6 of 607 comments (clear)

  1. So long old friend by Anonymous Coward · · Score: 5, Insightful

    They just don't make 'em like they used to.

    1. Re:So long old friend by Anonymous Coward · · Score: 5, Insightful
      Note that the triumphs of NASA date from the era when engineers ran the programs, and not political hacks like now. I feel sorry for the young engineers now who will never experience the greatness which was NASA.

      There were no slackers then. There were dedicated young engineers with buzz cuts and and a slide rule. They didn't listen to "Hip Hop" or "Heavy Metal". They didn't wear baggy pants. They weren't interested in fashion or political correctness. Their uniform was a crisp white dress shirt, a string tie, and a pair of drip-dry Hagar slacks, accessorized with a leather holster--which held an 18 inch slide rule. Bang.

      These men were focused on quality and greatness. They were patriotic, dedicated men who strove each day to make America first with the best engineering the human mind could conceive.

      Today NASA is run by "professional" managers and bureaucrats. They cow-tow not to quality but to politically motivated "quotas" and false "diversity". Slackers abound. "Getting over" takes precedence over "getting it right".

      The saddest thing of all is not the failures of the current space program, as disturbing as they might be. The saddest thing is that we have lost the spirit and the system and methodology which yielded our greatest triumphs.

  2. Distance. by cybermace5 · · Score: 5, Insightful

    It's 7.6 billion miles away. Almost 12 hours at the speed of light. And it will take two million years to reach a star considered to be in our close neighborood.

    Incomprehensible space...it's incredibly daunting, yet unbelievably appealing. Pioneer 10 was sent out in the same spirit as the pioneers of early America: the lure of seemingly boundless space and undiscovered wonders.

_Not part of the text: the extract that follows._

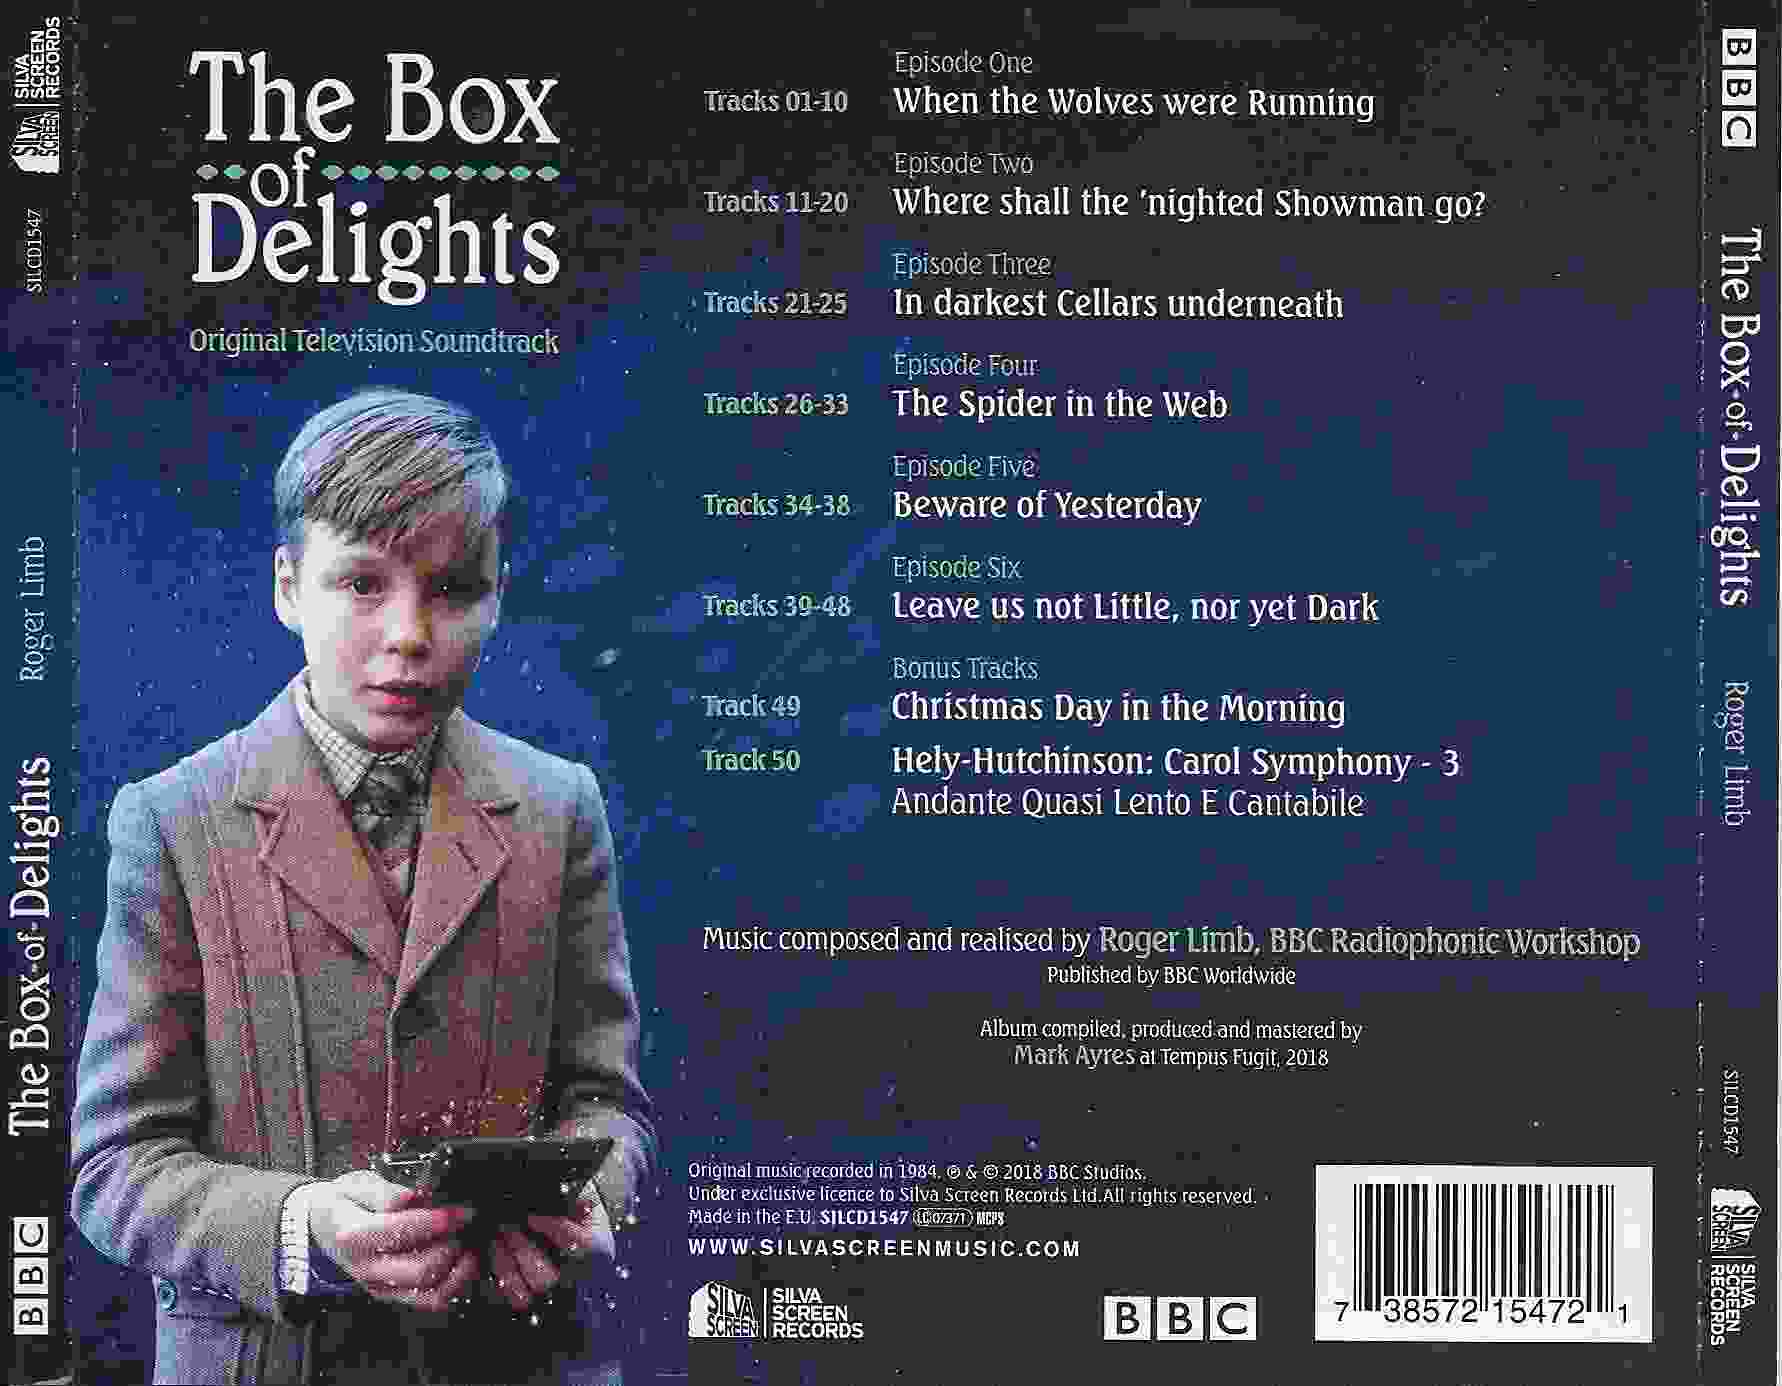 Picture of SILCD 1547 The box of delights by artist Roger Limb and the BBC Radiophonic Workshop from the BBC records and Tapes library

    This pioneer is blazing a trail we all hope to follow someday. Goodbye Pioneer 10, you have served us well.

    --
    ...
  3. Am I missing something here? by itallushrt · · Score: 5, Insightful

    Why don't all you people stop thanking a hunk of metal and start thanking the scientist and engineers that designed, built, and launched Pioneer 10. They are the real reasons this post even exist.

  4. Goddamn by cranos · · Score: 5, Insightful

    You know you are truly geek when something like this almost brings tears to your eyes. I mean this thing had less computing power than your average calculator and yet it managed to be useful for thirty years?
    See what happens when you actually give your space programme decent funding? You do something like this, something which comes close to making the human race look like something more than six billion savages scrabbling in the dirt.

  5. Re:Wow! by kfg · · Score: 5, Insightful

    It may well have been possible for you to have had a computer all of your life. Even the internet, nascent as it may have been, may well predate you.

    When he was born he had no *electricity* and no one in his family had ever seen an automobile. Geronimo had only been captured three years previously and was not only still alive, but a comparitively young man.

    The world he was born in to was one someone born 500 years before would have recongnized. The world you were born into is one that that hypothetical person couldn't possibly even have conceived of.

    You are talking differences in quantity. I am talking differences in quality.

    There is no essential difference in type or quality of life today than there was 40 years ago when I first entered school. We live the same way now, with mostly the same things, as we did then. Electricity, phones, central heating, planes, automobiles, movies, TV, hydrogen bombs, etc.

    The cars have become a bit more refined, the planes a bit faster, the phones cordless, the movies, well, they havn't changed much at all really. These are just the things we already had becoming better.

    I'm not saying we don't live in interesting times, or that I'm not glad to be here, but the two cases are *damned* different.

    By the way, the commercial sail record from Sandy Point N.J. at the entrance of NY harbor to Lands End England was only 11 days. It stood for 100 years.

    And I'm *damned* glad the internet hasn't come up with one single reason for me not to go to London. That would suck.